INFORMATION SHOWN
* * *

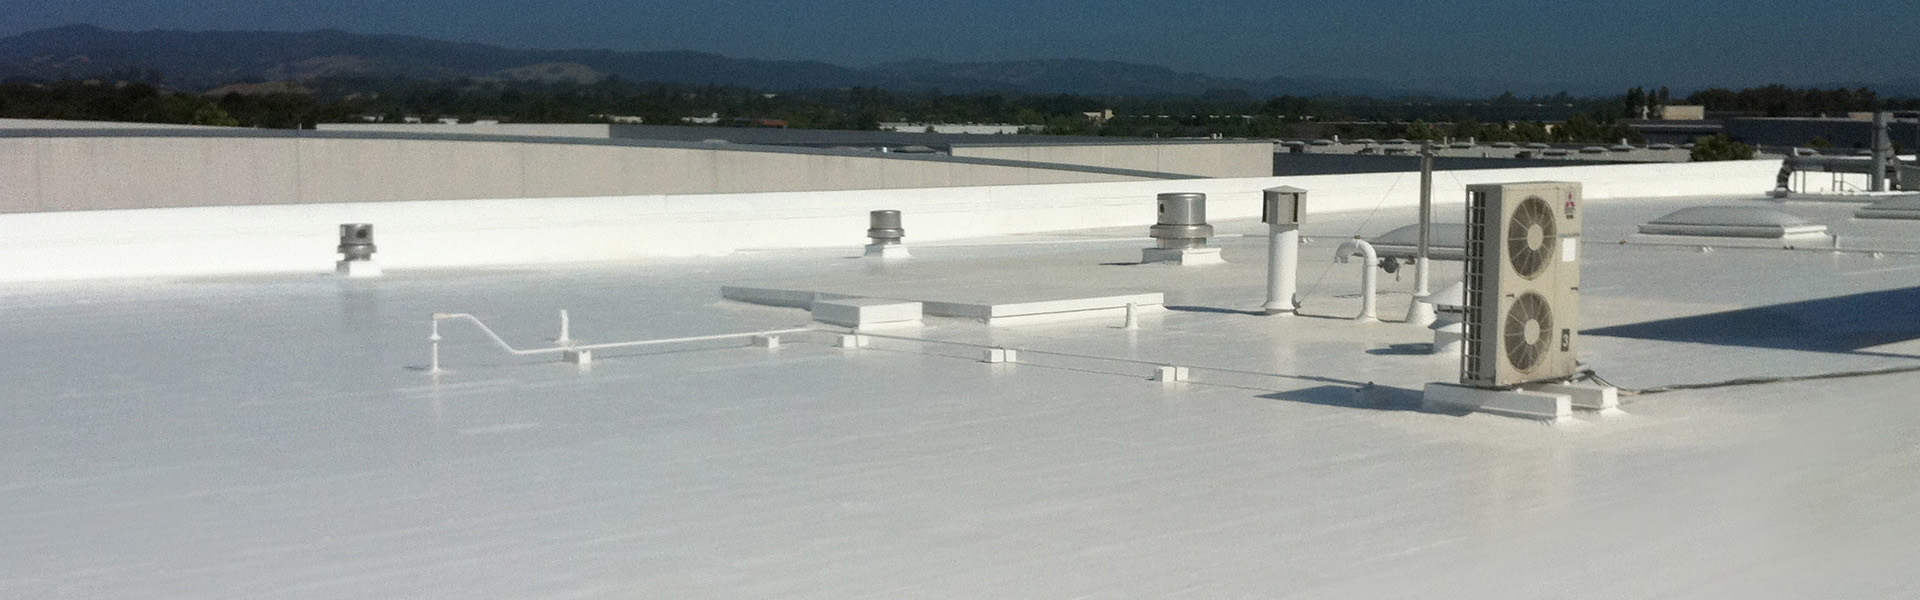 WE SPECIALIZE IN SPRAY FOAM ROOFING AND COOL ROOF COATINGS FOR COMMERCIAL AND INDUSTRIAL BUILDINGS
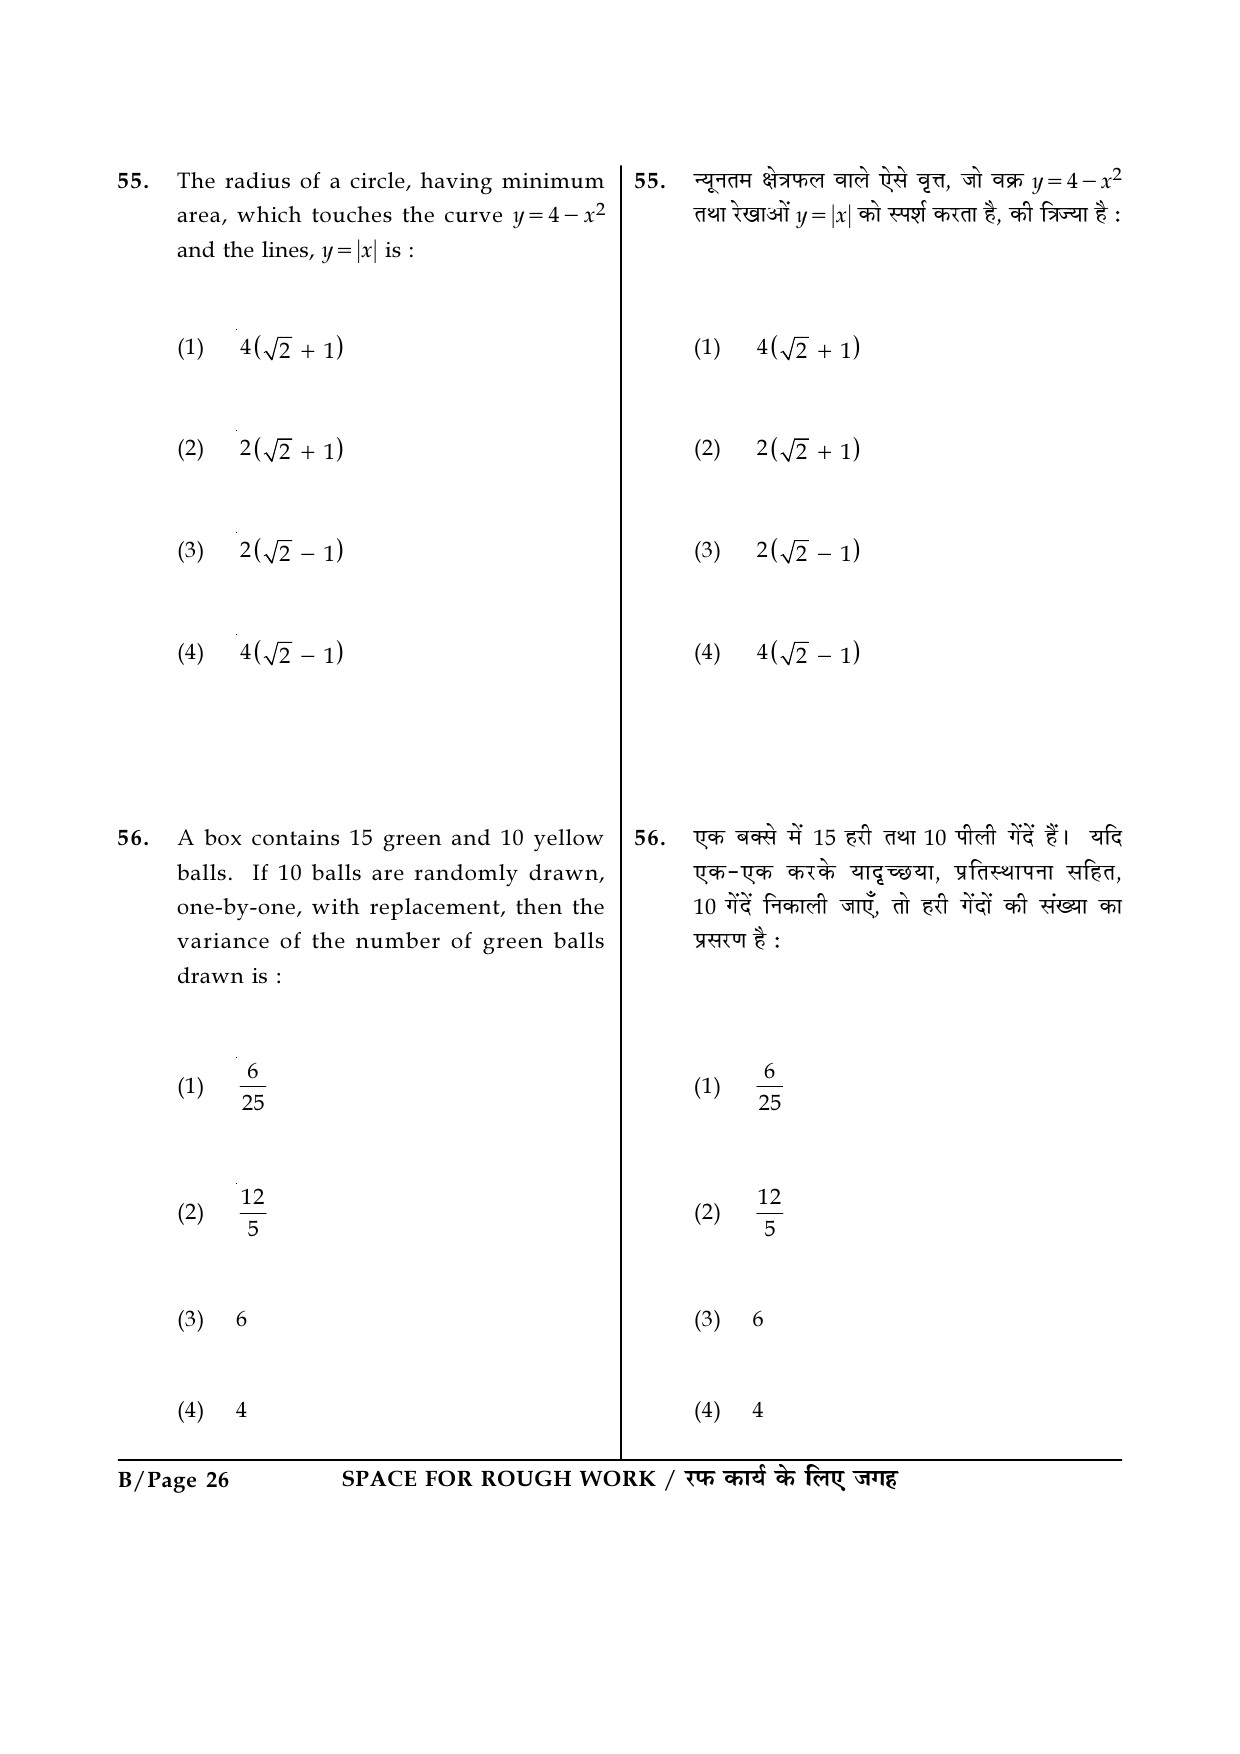 JEE Main Exam Question Paper 2017 Booklet B 26
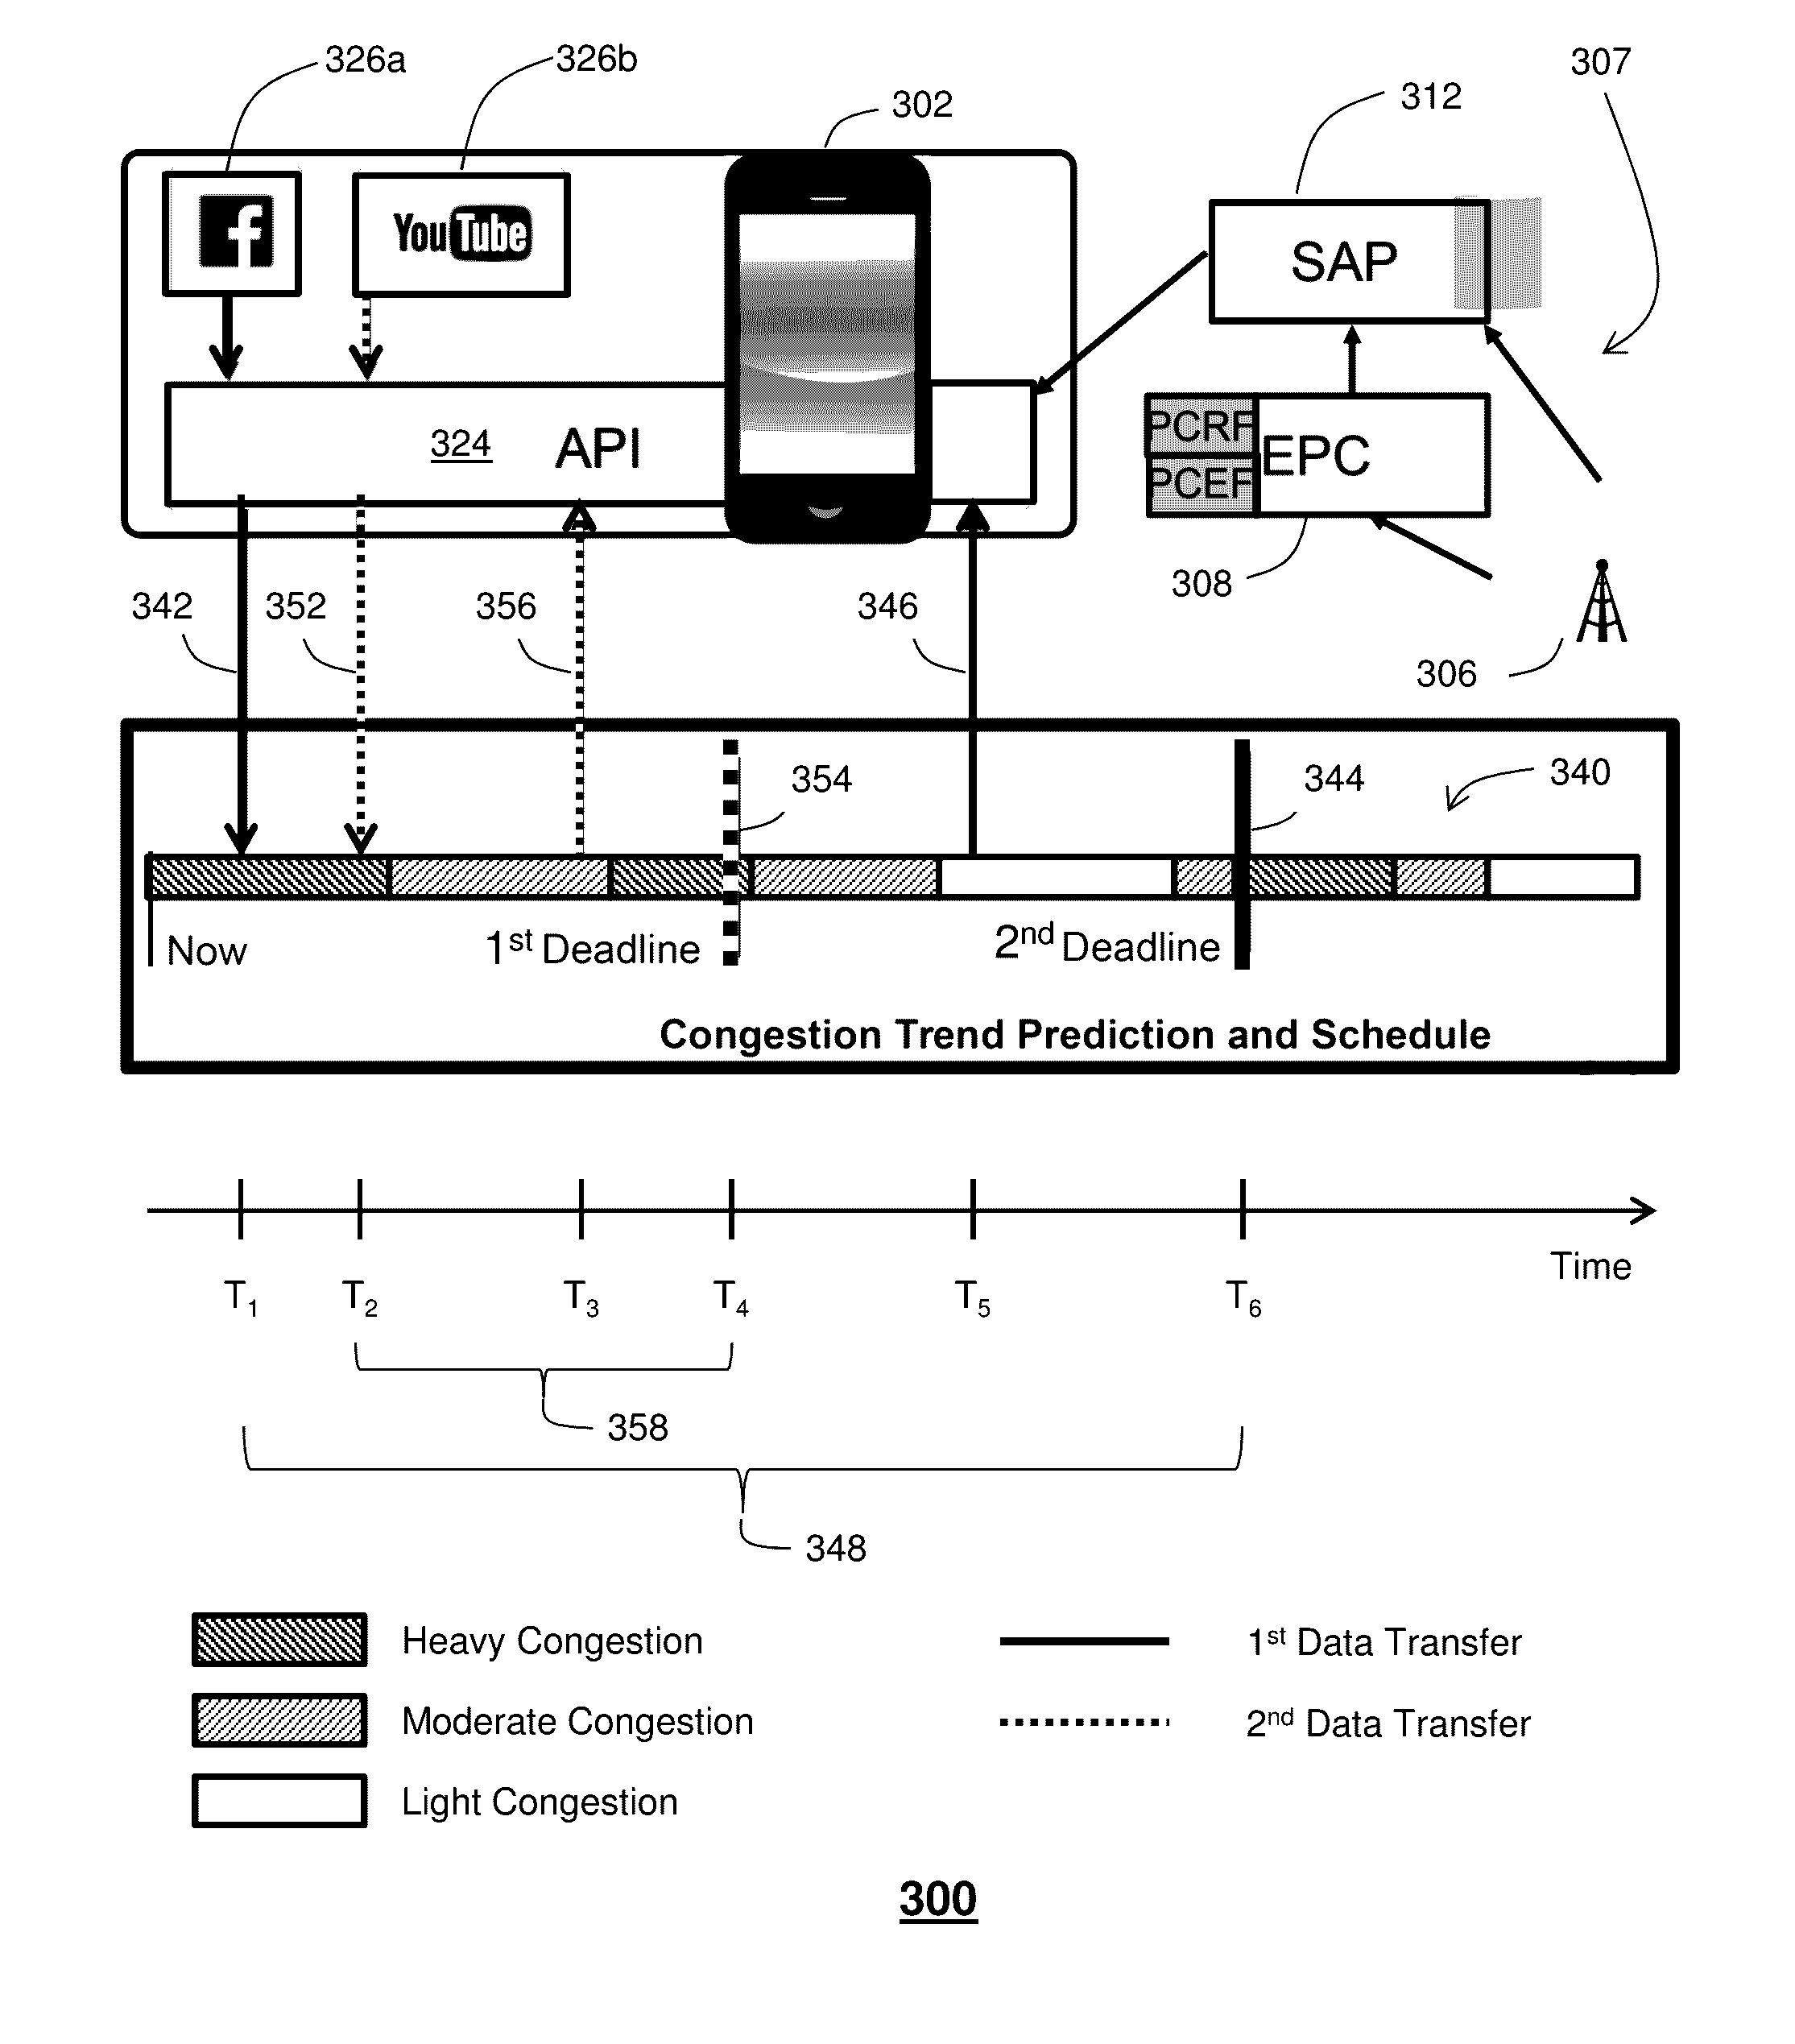 System and method for scheduling time-shifting traffic in a mobile cellular network
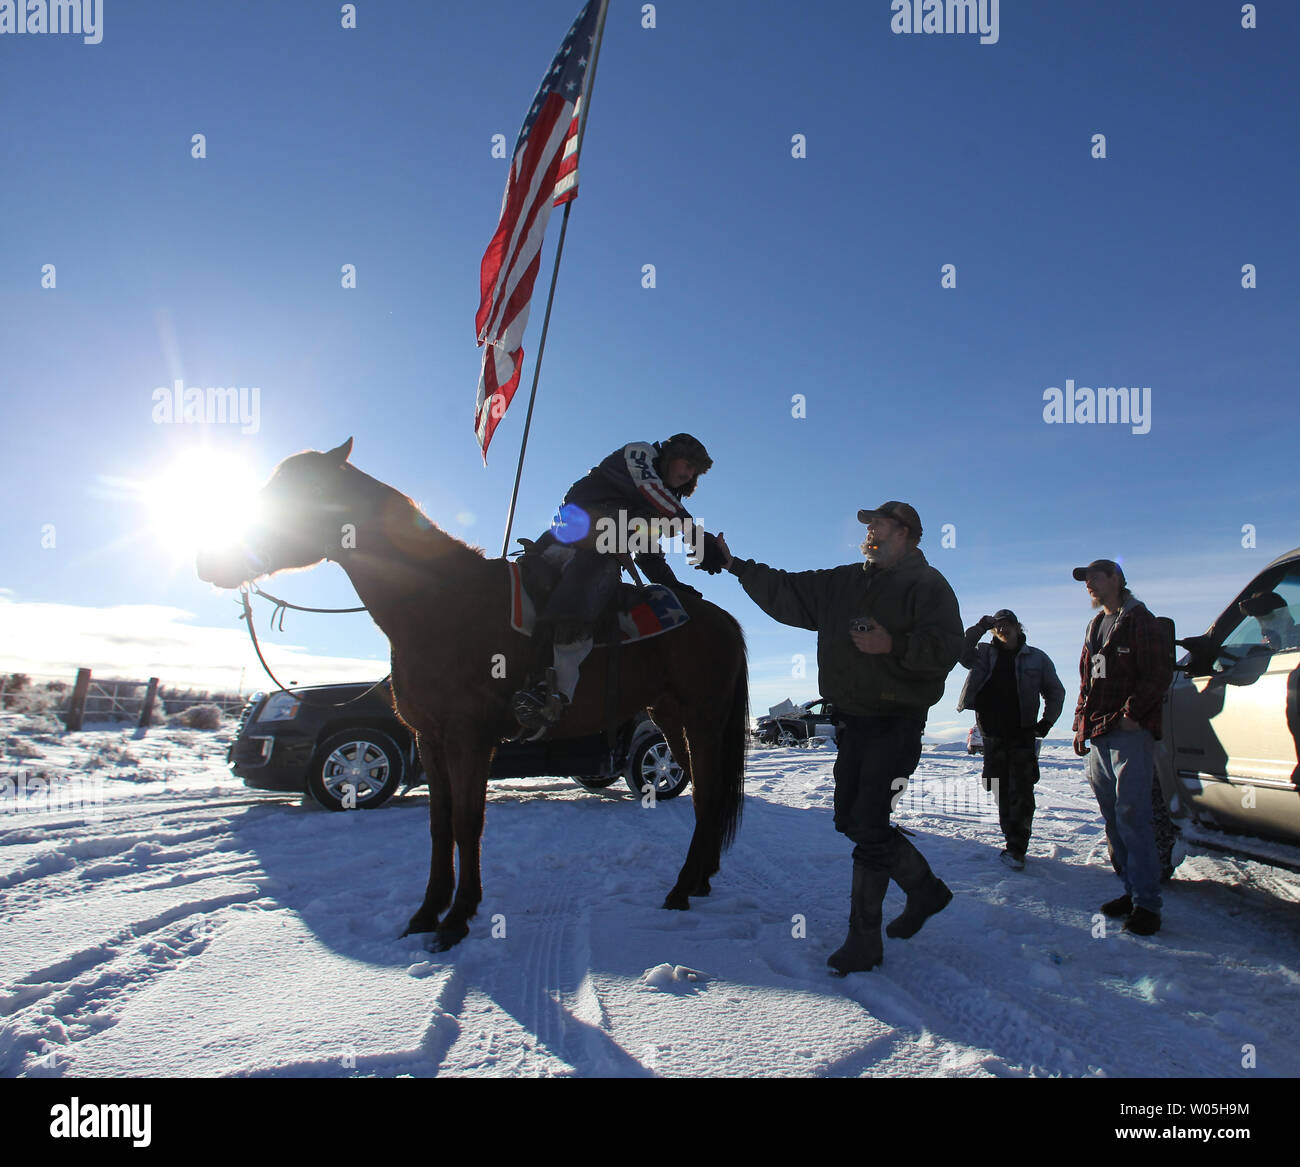 Duane Ehmer, of Irrigon, Oregon, left, greets Brad Williams, who joined the armed activists at the Malheur National Wildlife Reserve on January 15, 2016 in Burns, Oregon. Ehmer has been pulling sentry duty during the takeover. Ammon Bundy and about 20 other protesters took over the refuge on Jan. 2 after a rally to support the imprisoned local ranchers Dwight Hammond Jr., and his son, Steven Hammond.      Photo by Jim Bryant/UPI Stock Photo

* * *

TASK TO COMPLETE
Omit the pictures and output all remaining material exactly.

FINAL ANSWER
 WE SPECIALIZE IN SPRAY FOAM ROOFING AND COOL ROOF COATINGS FOR COMMERCIAL AND INDUSTRIAL BUILDINGS
 JEE Main Exam Question Paper 2017 Booklet B 26
 System and method for scheduling time-shifting traffic in a mobile cellular network
 Duane Ehmer, of Irrigon, Oregon, left, greets Brad Williams, who joined the armed activists at the Malheur National Wildlife Reserve on January 15, 2016 in Burns, Oregon. Ehmer has been pulling sentry duty during the takeover. Ammon Bundy and about 20 other protesters took over the refuge on Jan. 2 after a rally to support the imprisoned local ranchers Dwight Hammond Jr., and his son, Steven Hammond.      Photo by Jim Bryant/UPI Stock Photo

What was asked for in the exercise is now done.